SOURCE DATA START
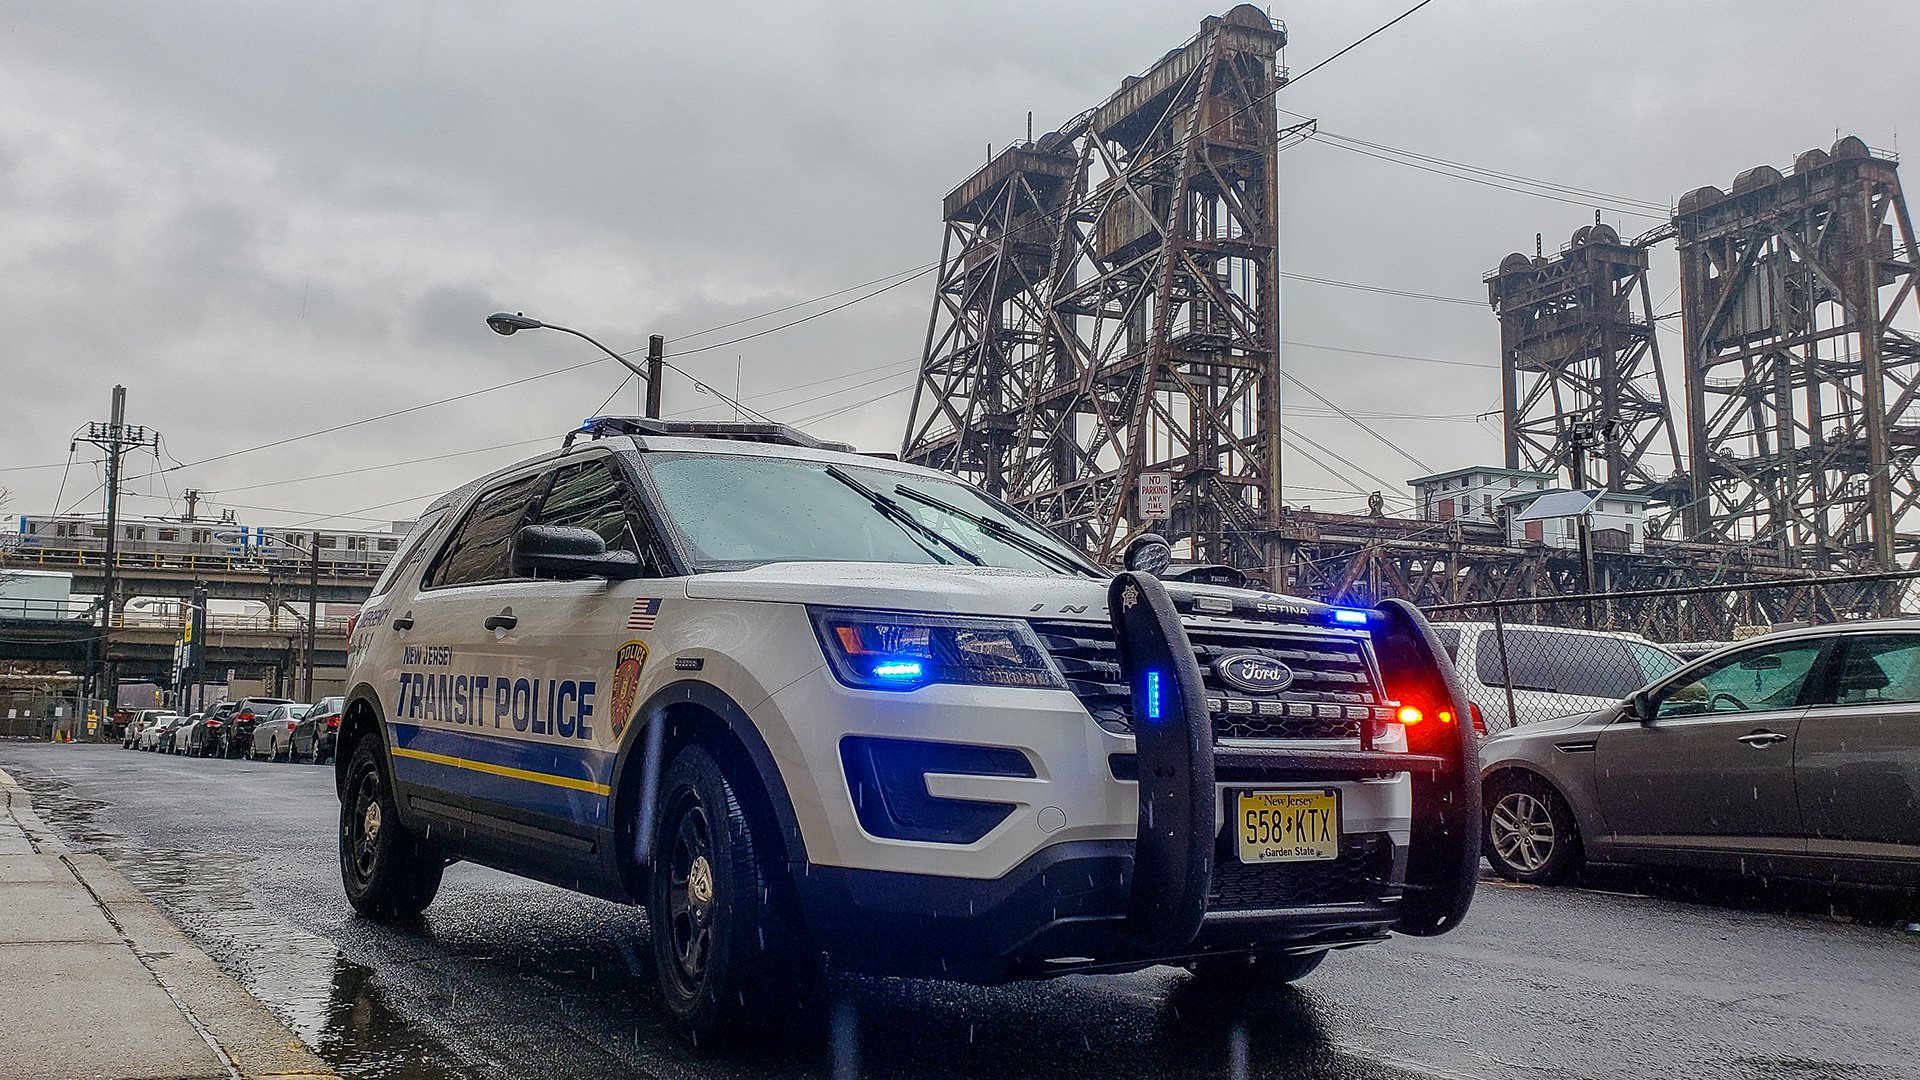 NJ TRANSIT Police Department, NJ Police Jobs
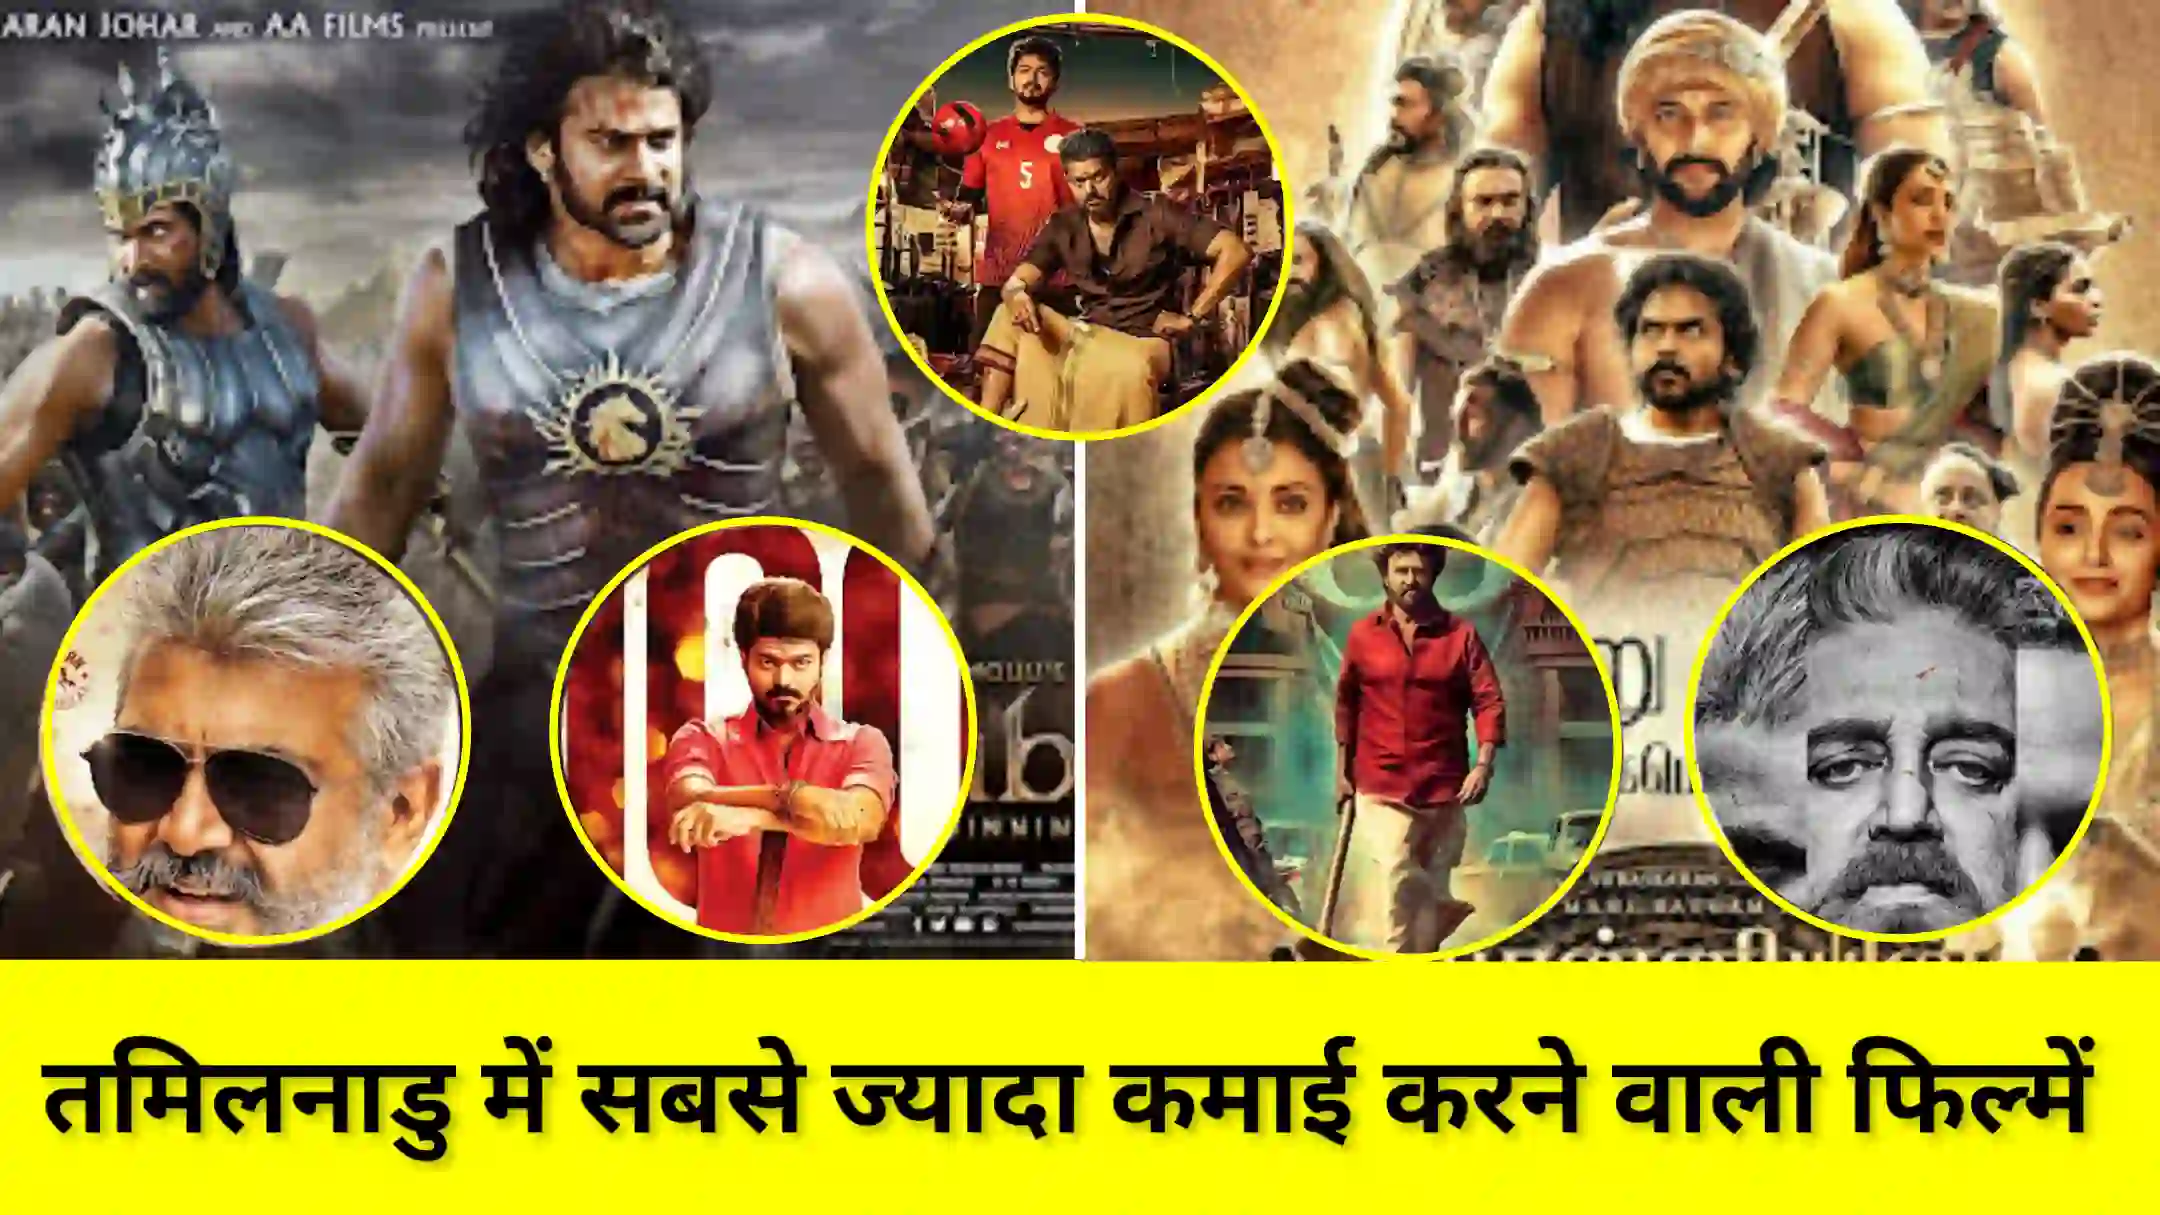 Highest Grossing Movie In Tamil Nadu
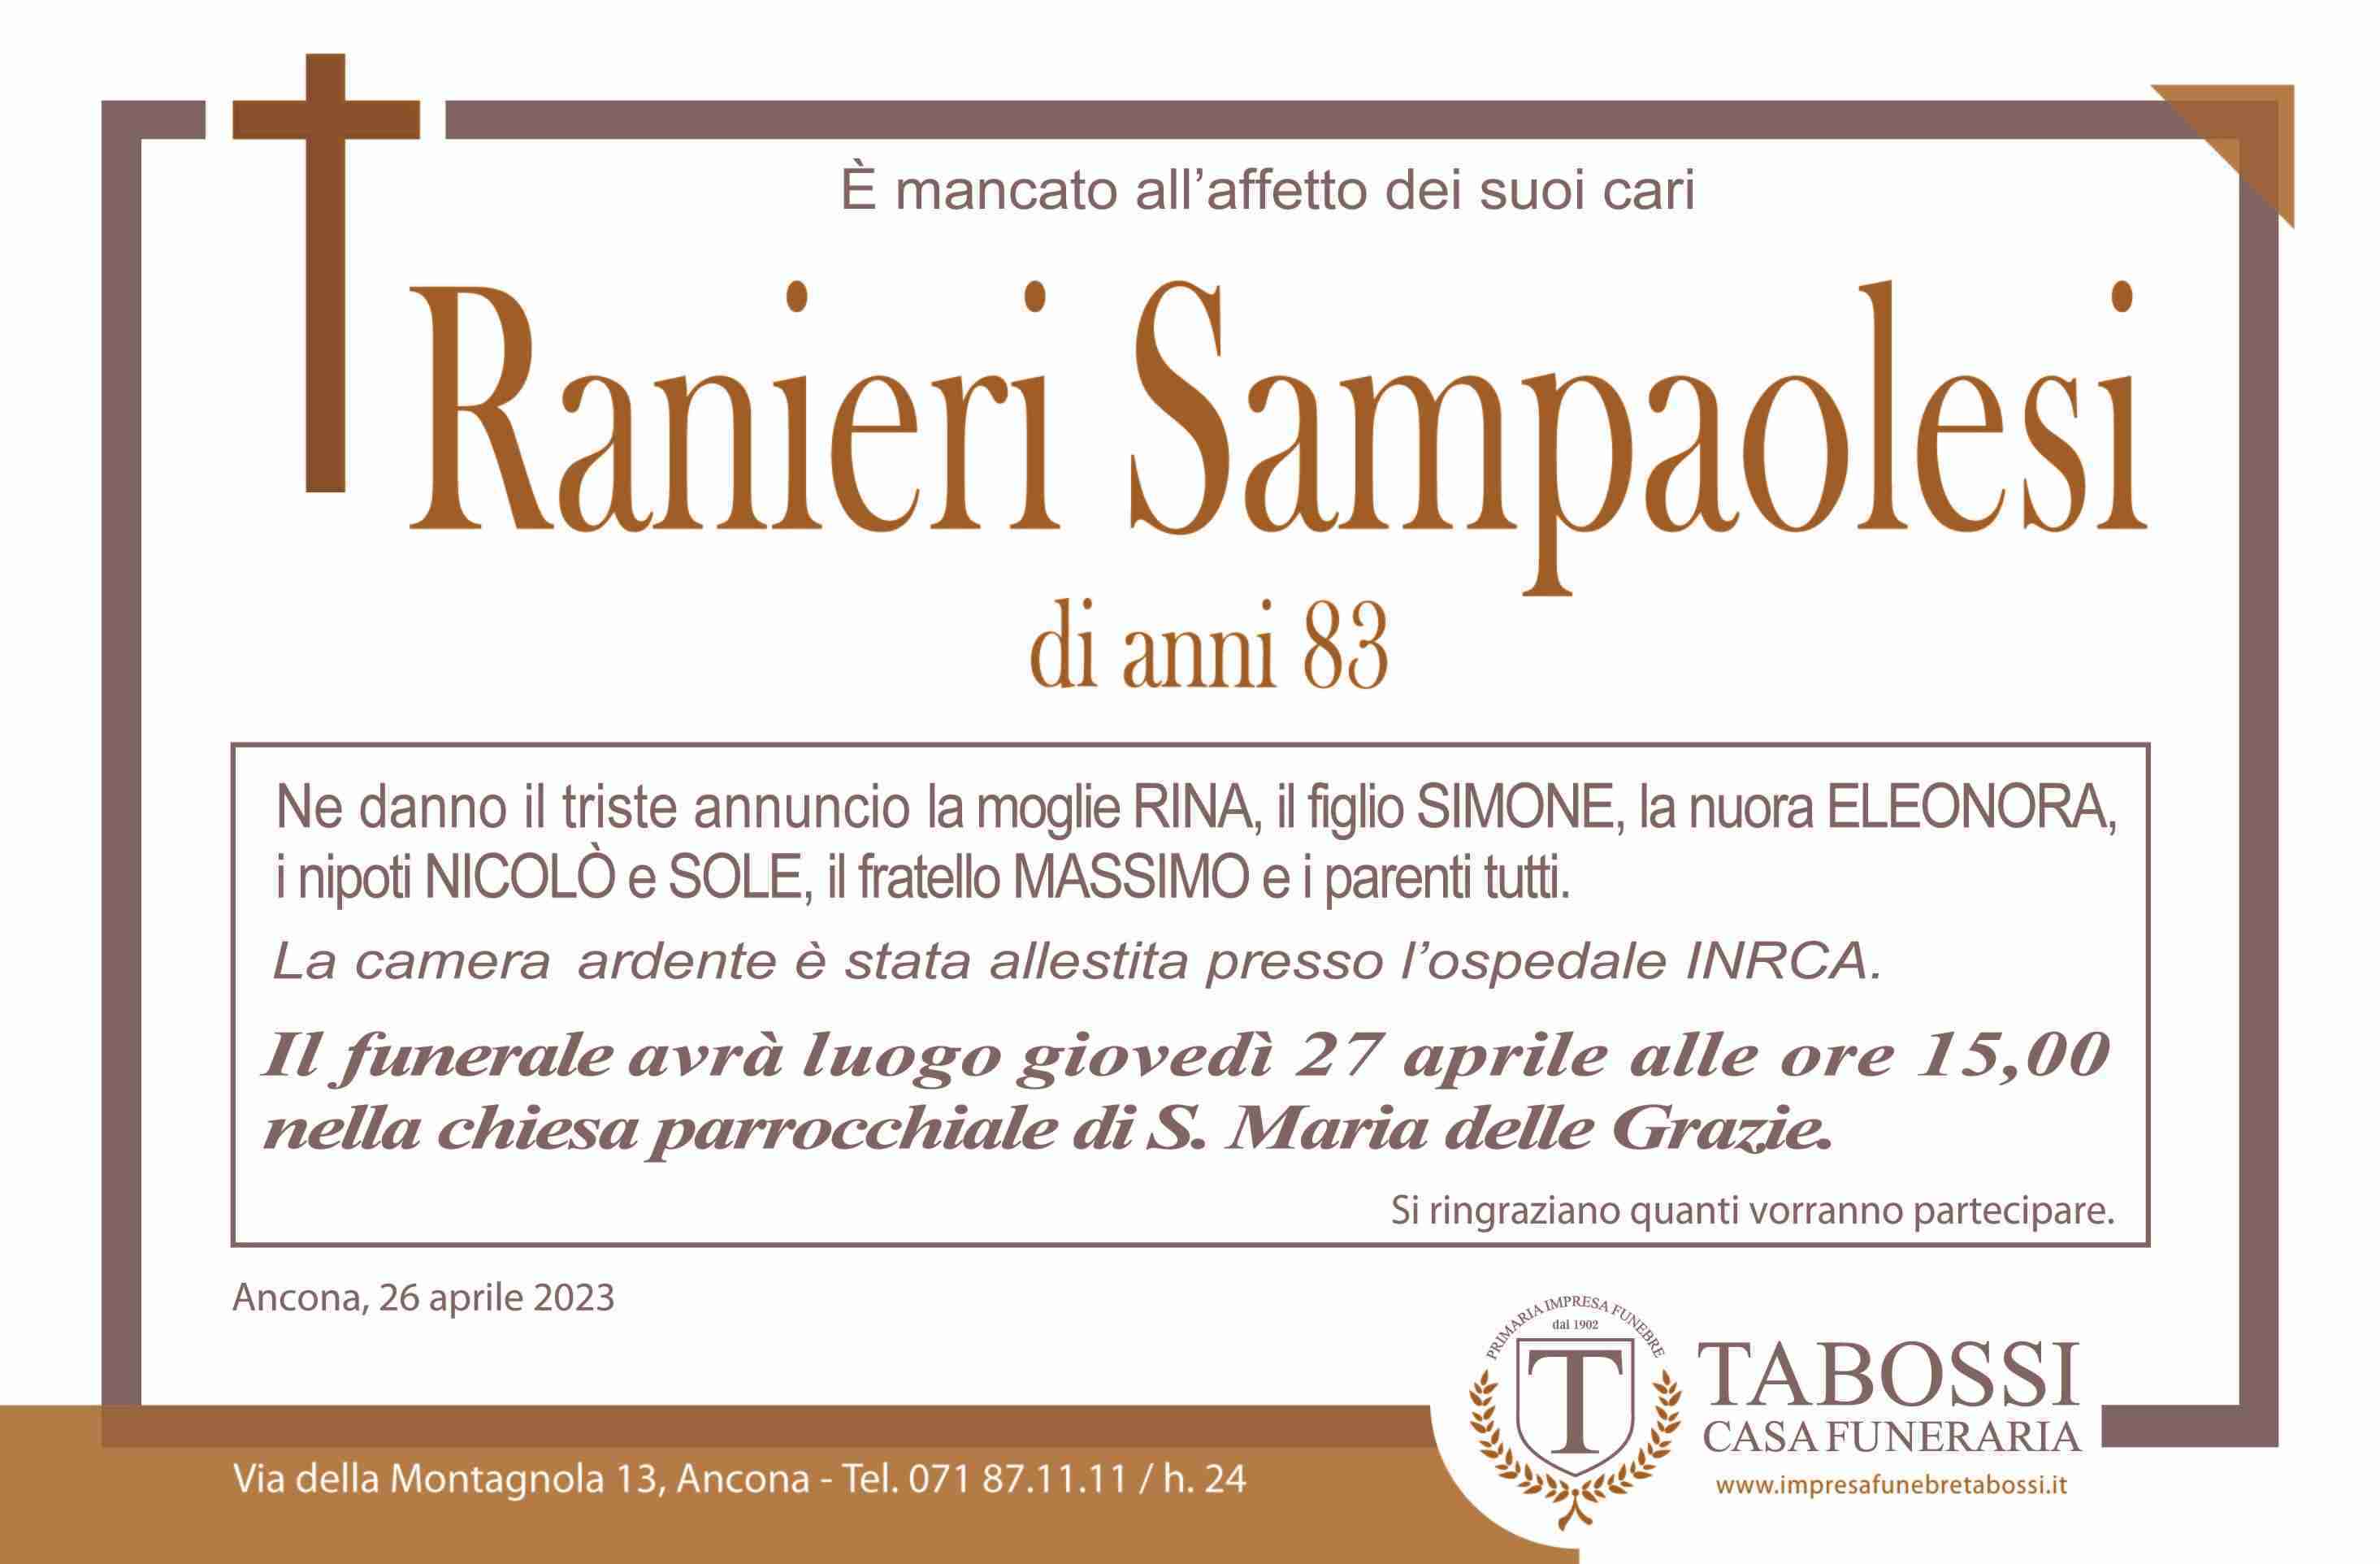 Ranieri Sampaolesi
SOURCE DATA END
EXERCISE GOAL
For this step, transcribe all the material above exactly and drop the images.

RESPONSE
 NJ TRANSIT Police Department, NJ Police Jobs
 Highest Grossing Movie In Tamil Nadu
 Ranieri Sampaolesi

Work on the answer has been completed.